#### What is needed
Write out the entire listing below exactly, with the pictures left out.

#### Provided material
==================================================

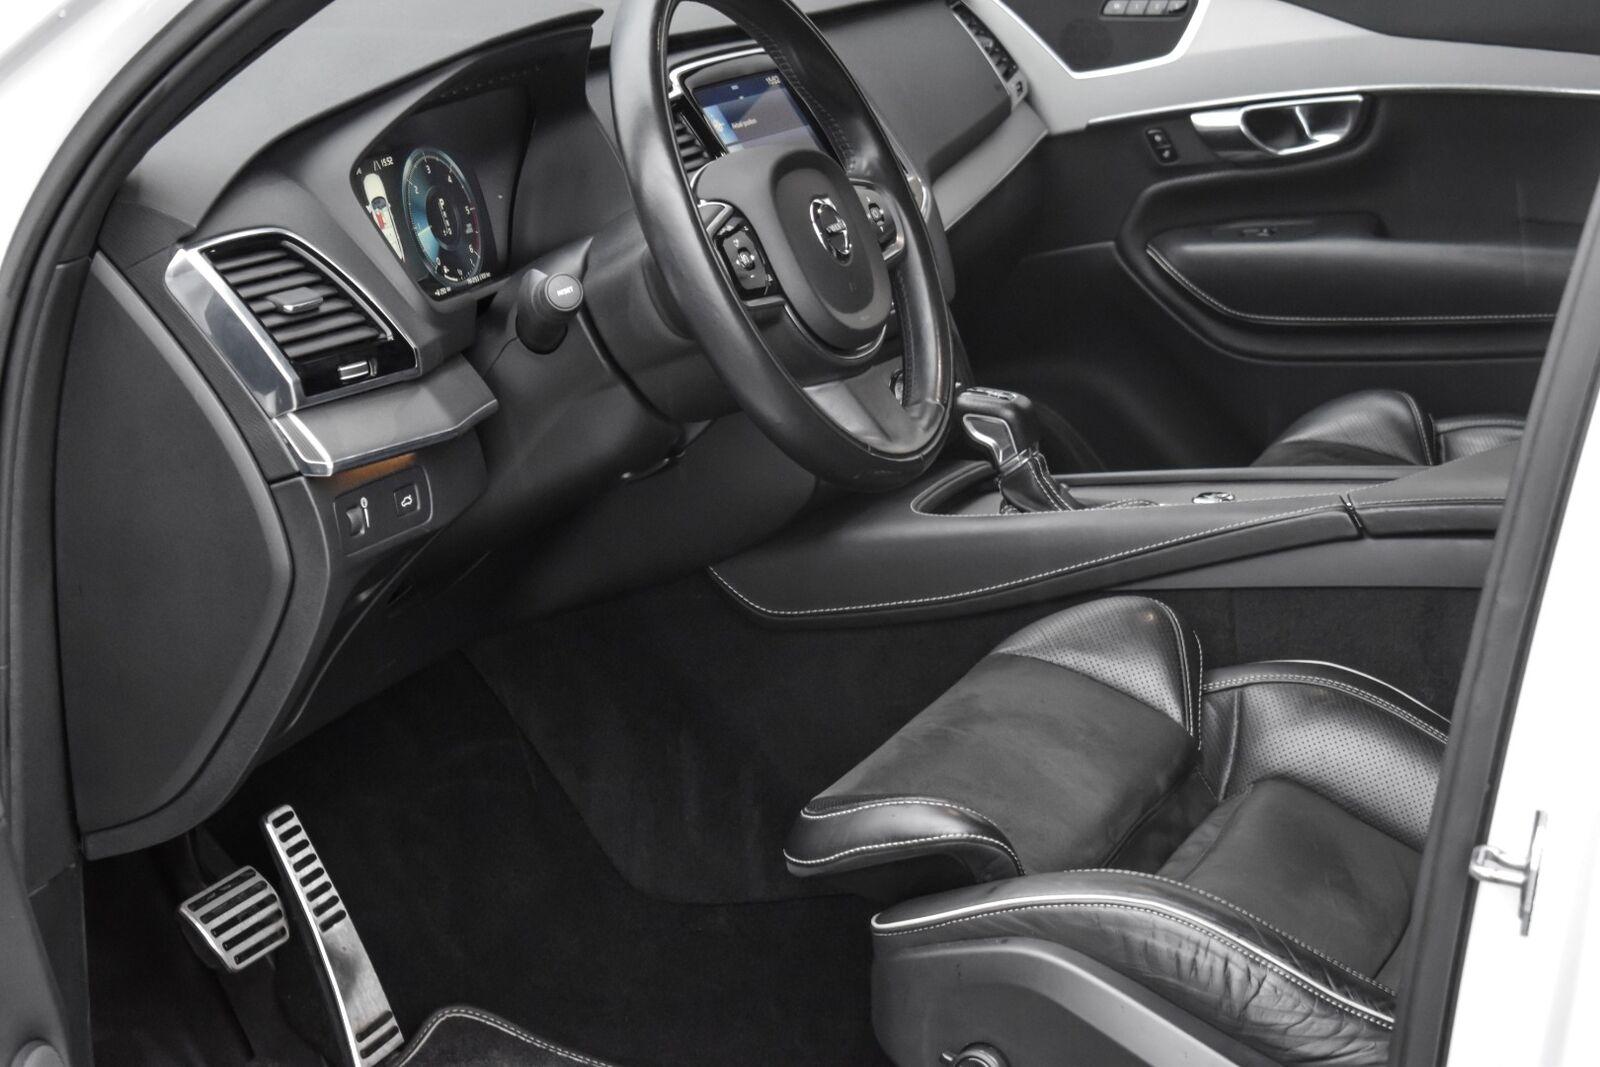 Volvo XC90 2,0 D5 225 R-Design aut. AWD 7prs - billede 8
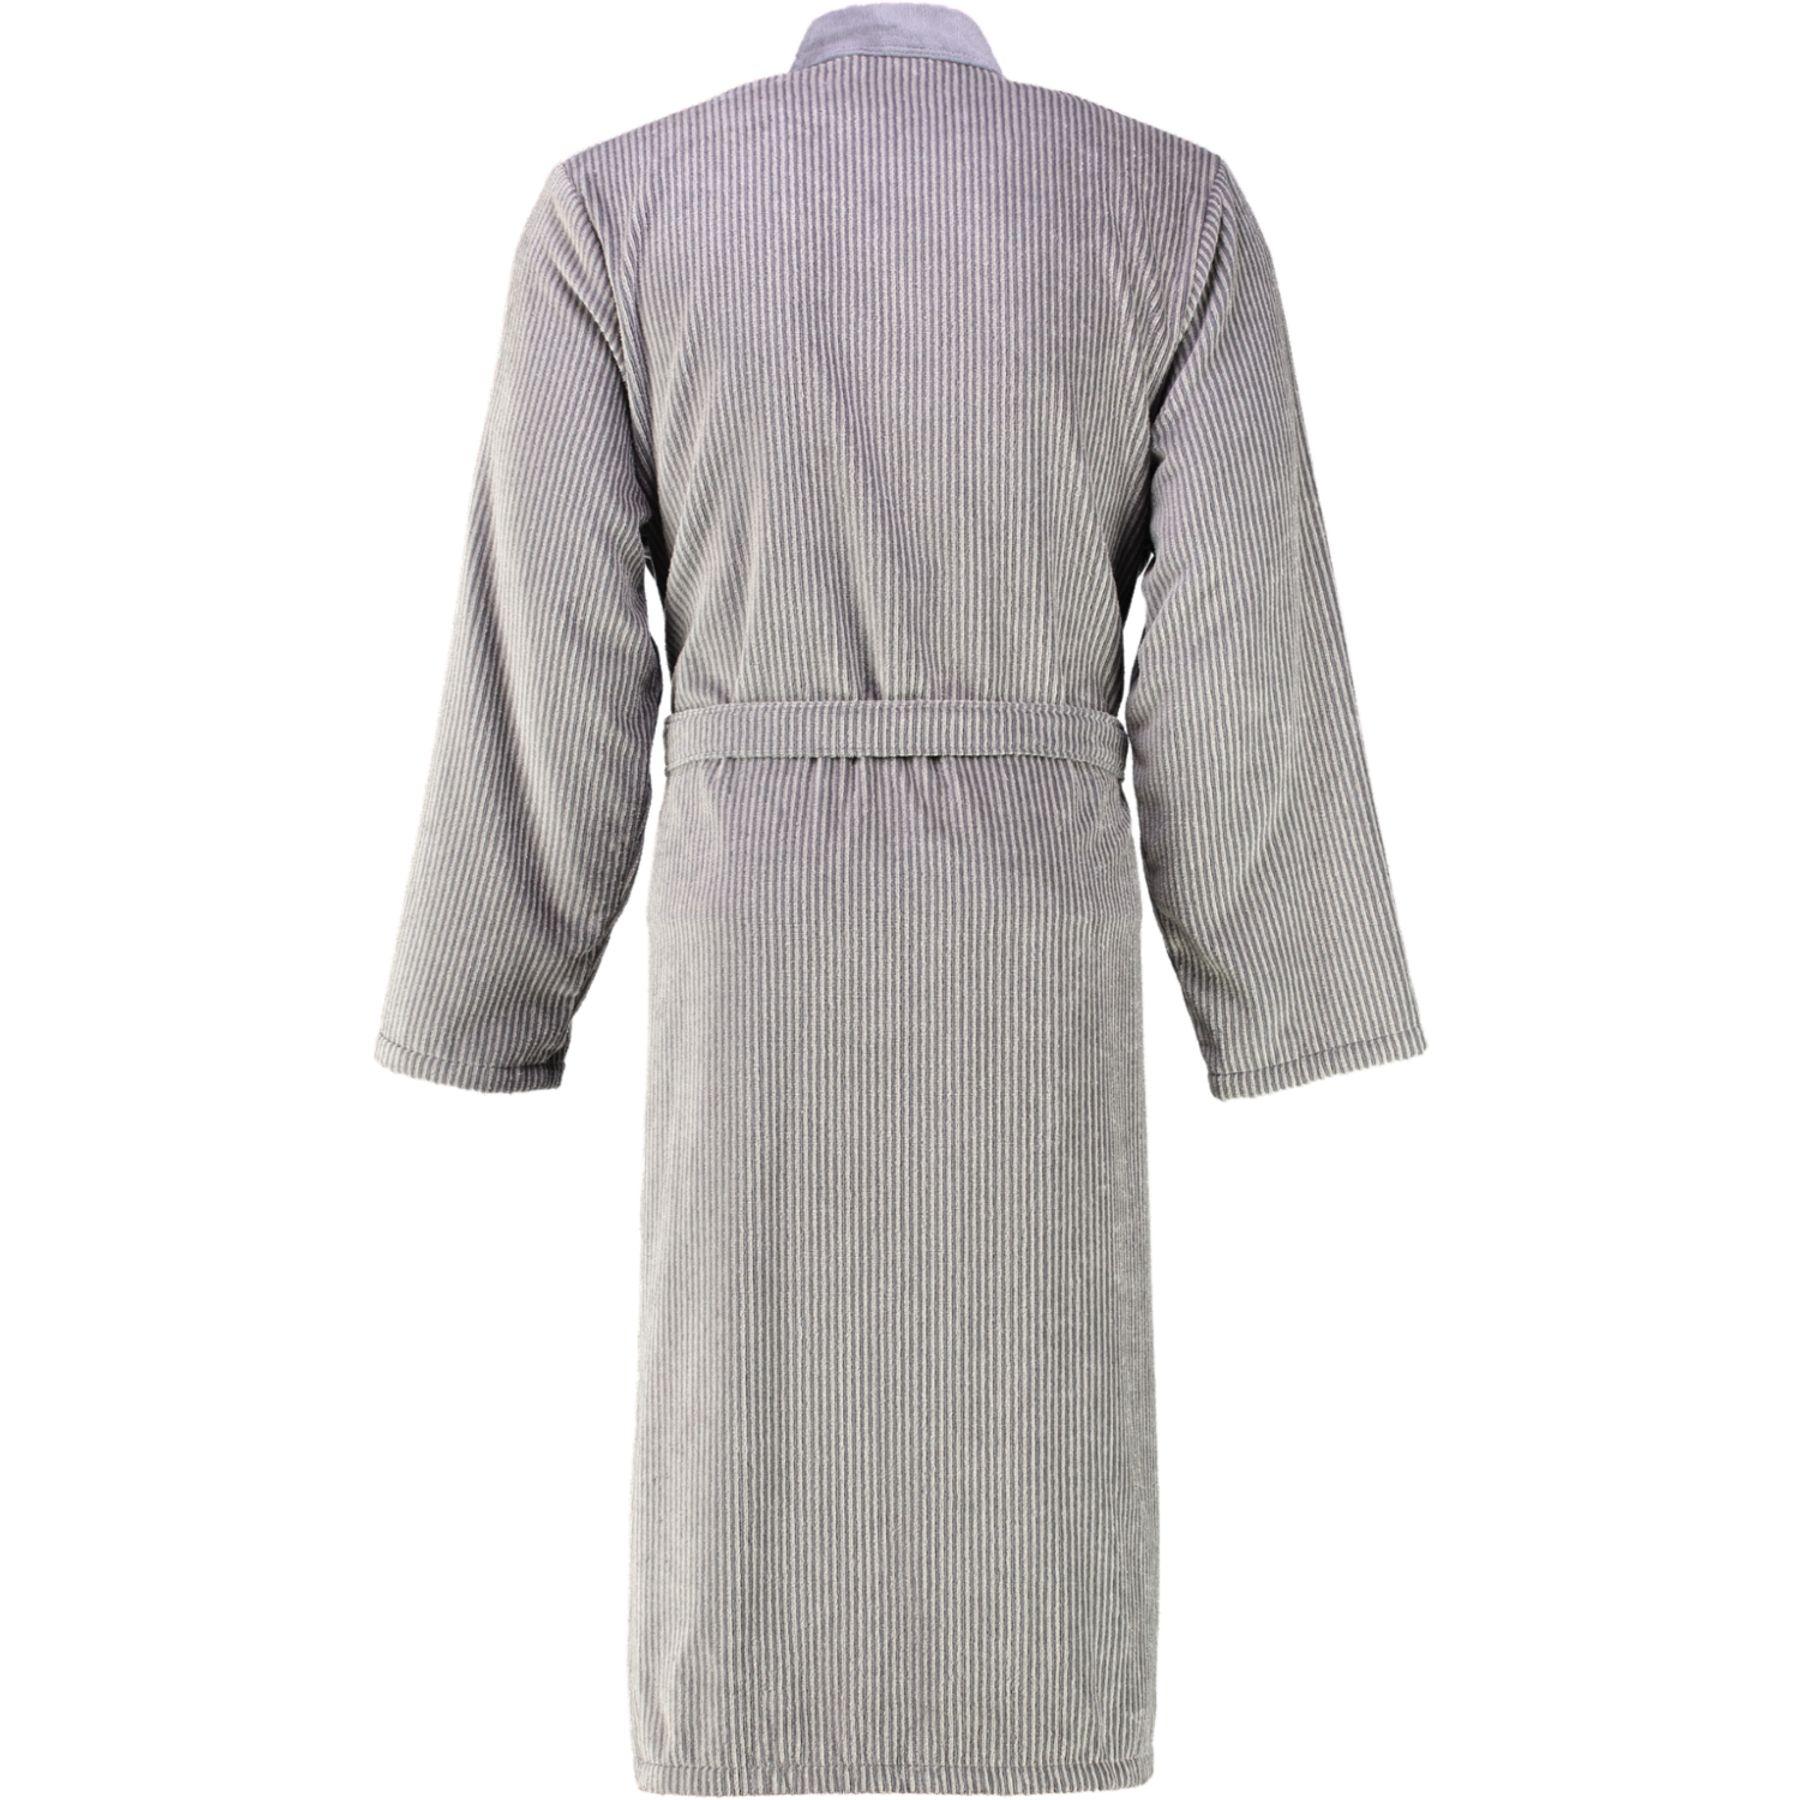 Cawö - Herren Velours Bademantel in Kimono Form (5840) – Bild 7
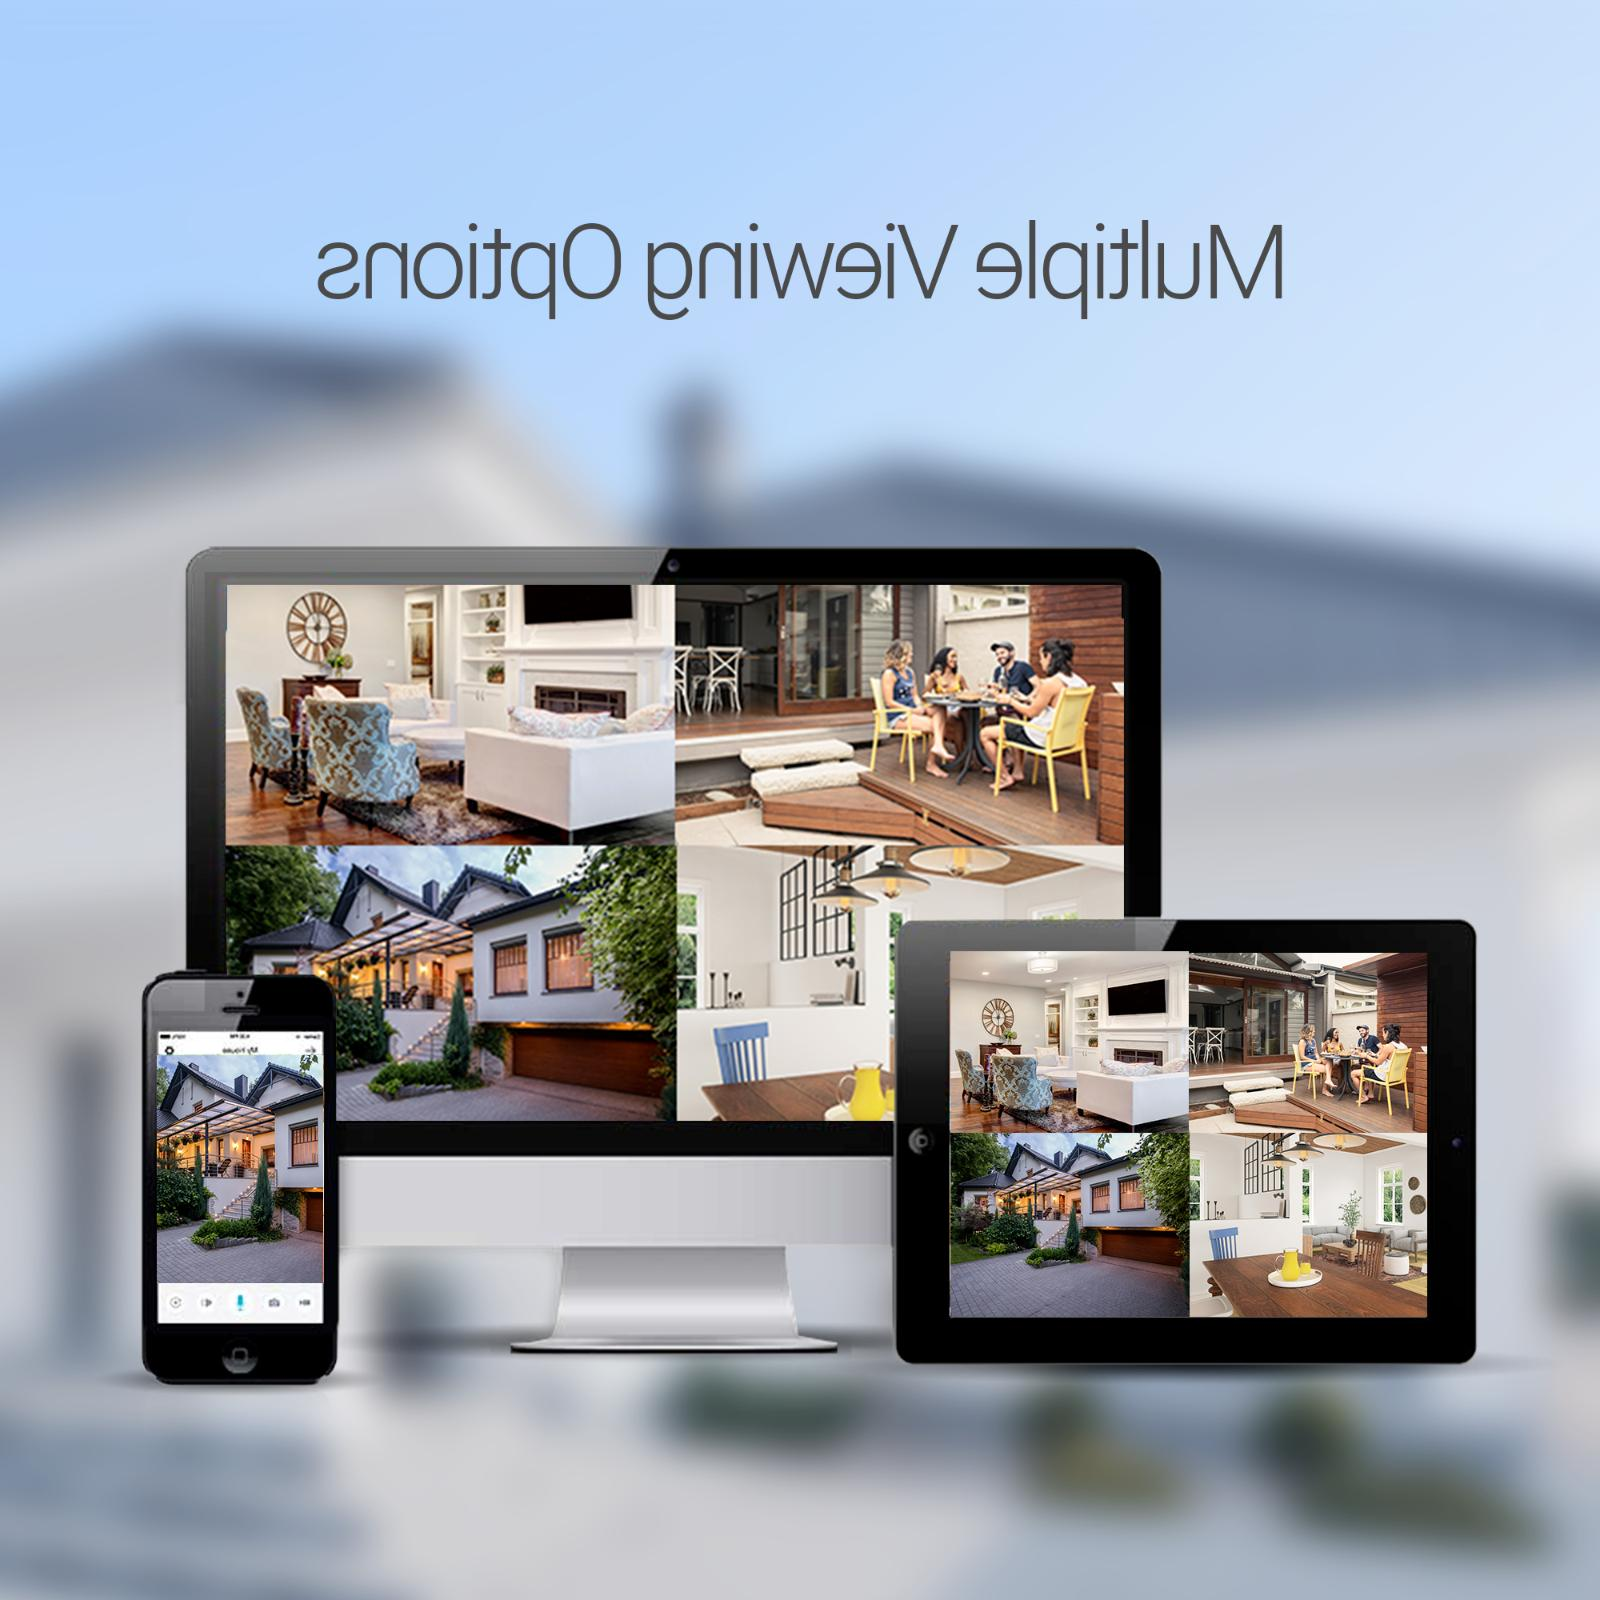 Zmodo 1080p Security IP Camera Indoor Outdoor

==================================================

#### Response box
 Volvo XC90 2,0 D5 225 R-Design aut. AWD 7prs - billede 8
 Cawö - Herren Velours Bademantel in Kimono Form (5840) – Bild 7
 Zmodo 1080p Security IP Camera Indoor Outdoor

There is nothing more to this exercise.